Copy each line below exactly and leave the pictures out.

Supplied information.
============================================================

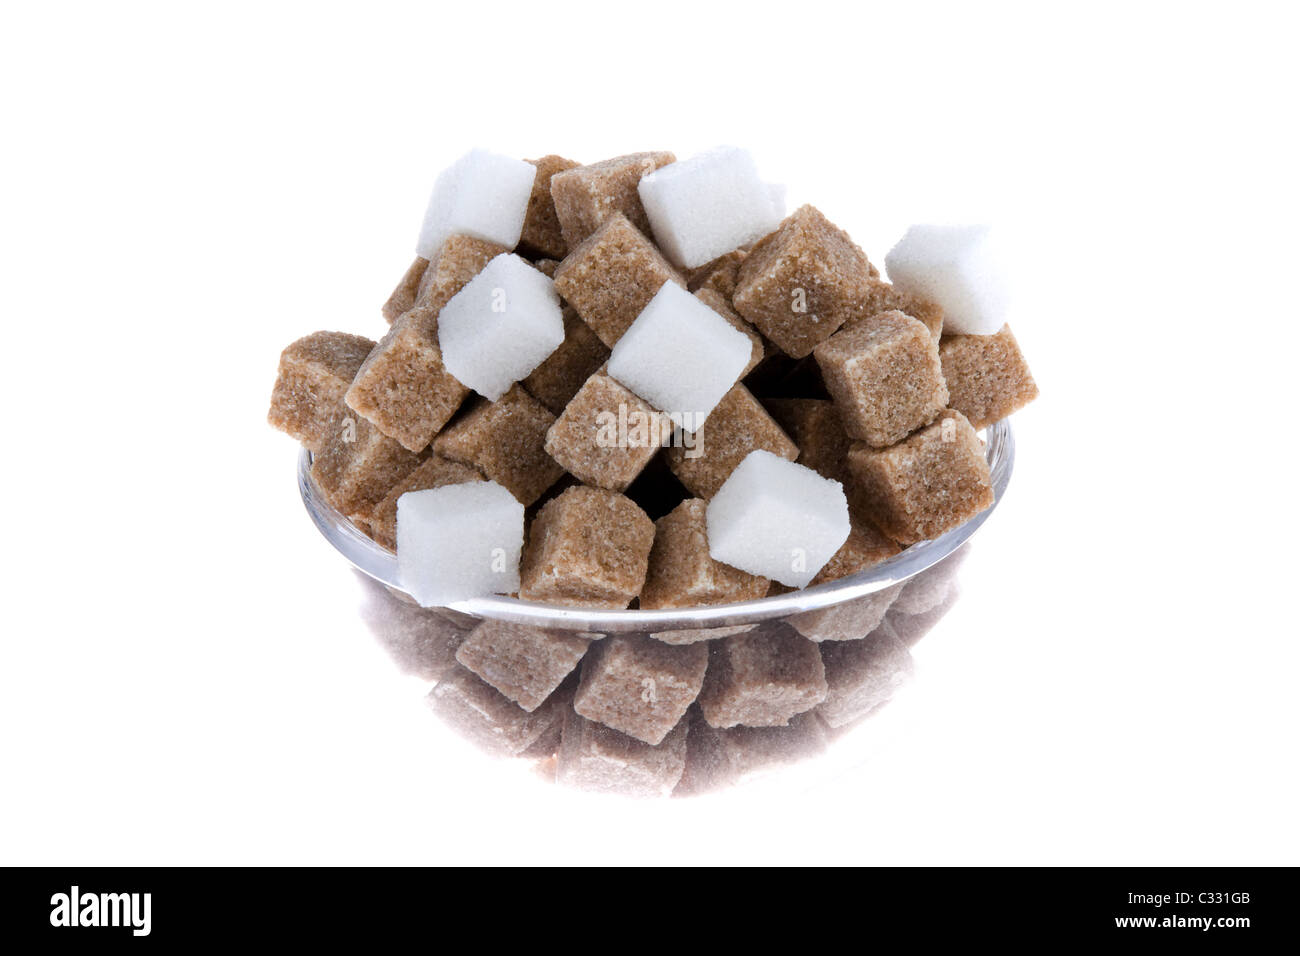 brwon sugar, carbohydrates - Stock Image
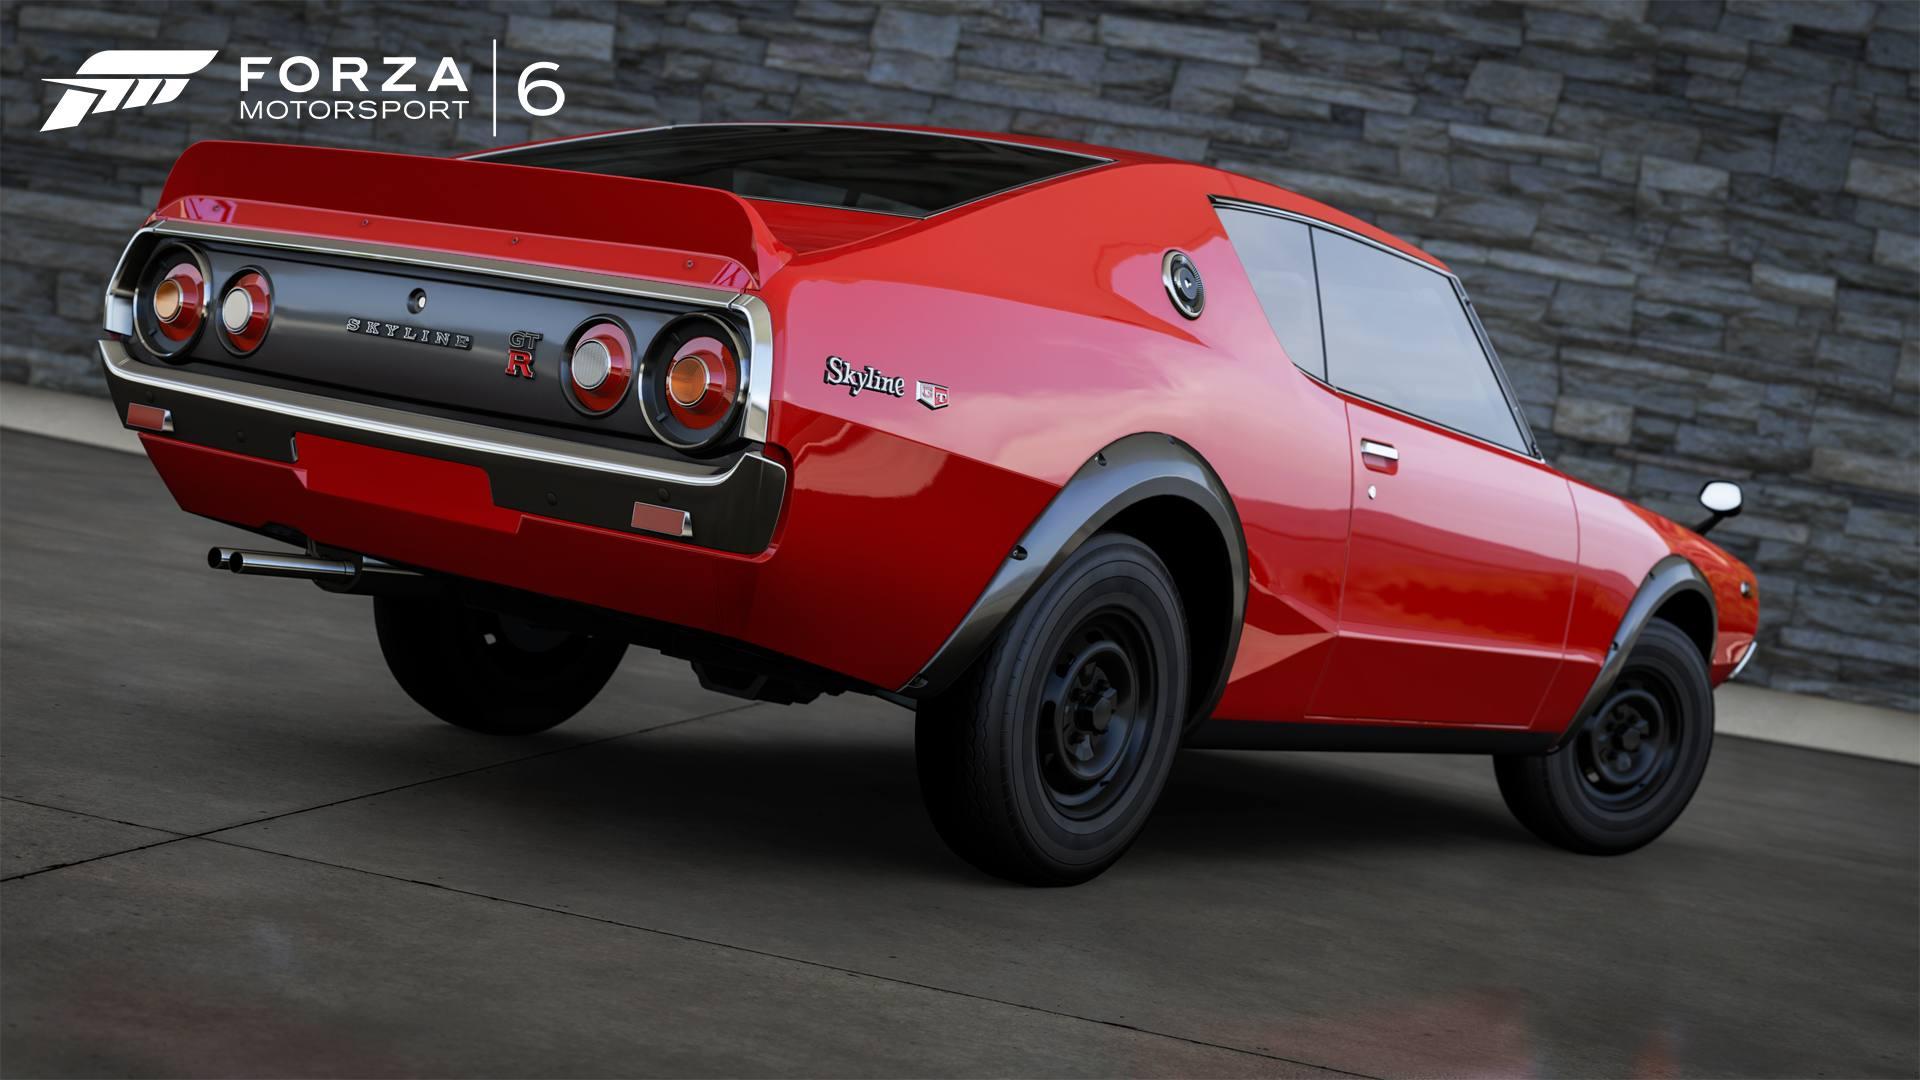 Forza Motorsport 6 05-01-16 2016 1973 Nissan Skyline GT-R
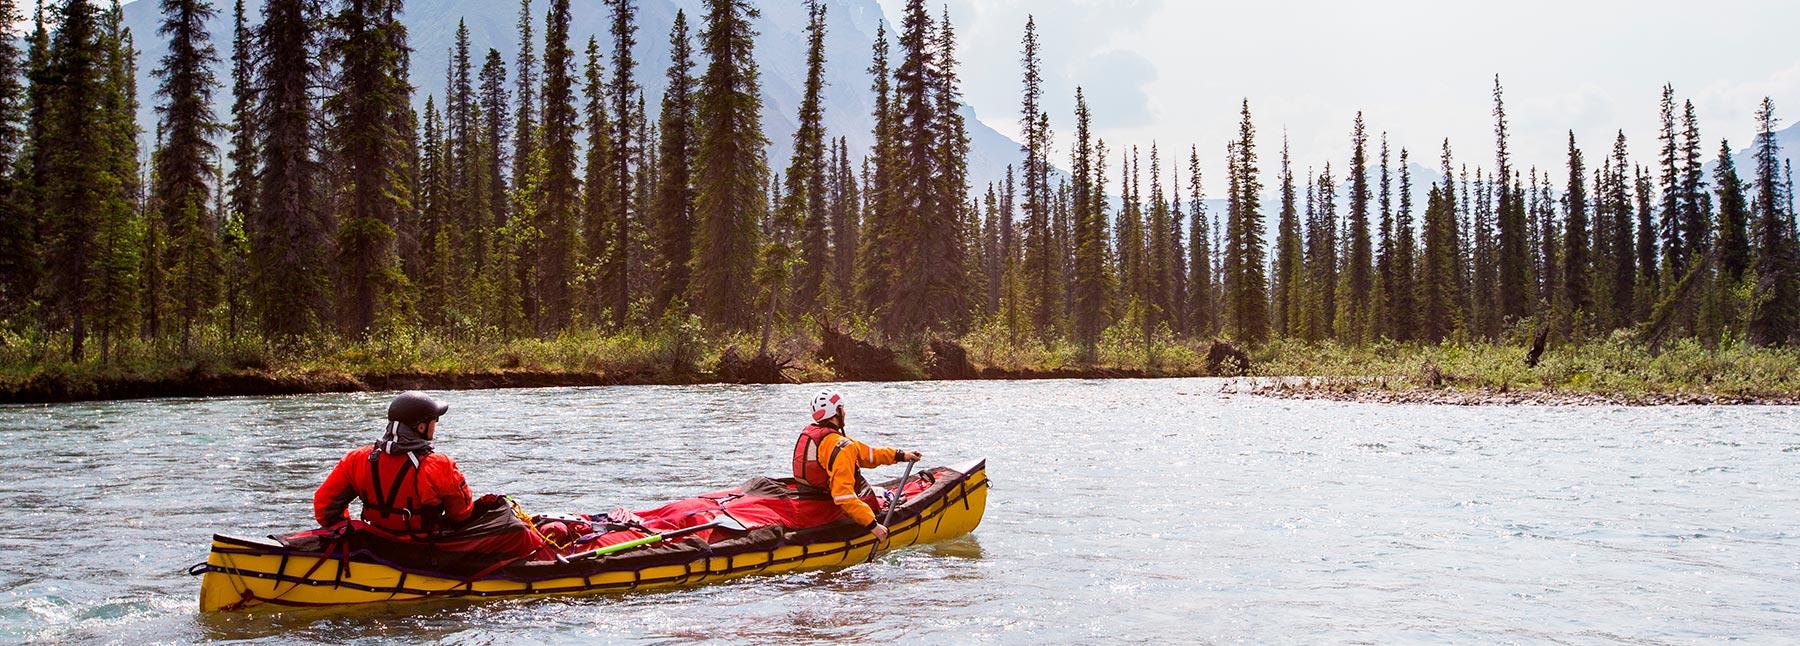 Yukon_River_shutterstock_469615094

============================================================

Exercise result.
 brwon sugar, carbohydrates - Stock Image
 Forza Motorsport 6 05-01-16 2016 1973 Nissan Skyline GT-R
 Yukon_River_shutterstock_469615094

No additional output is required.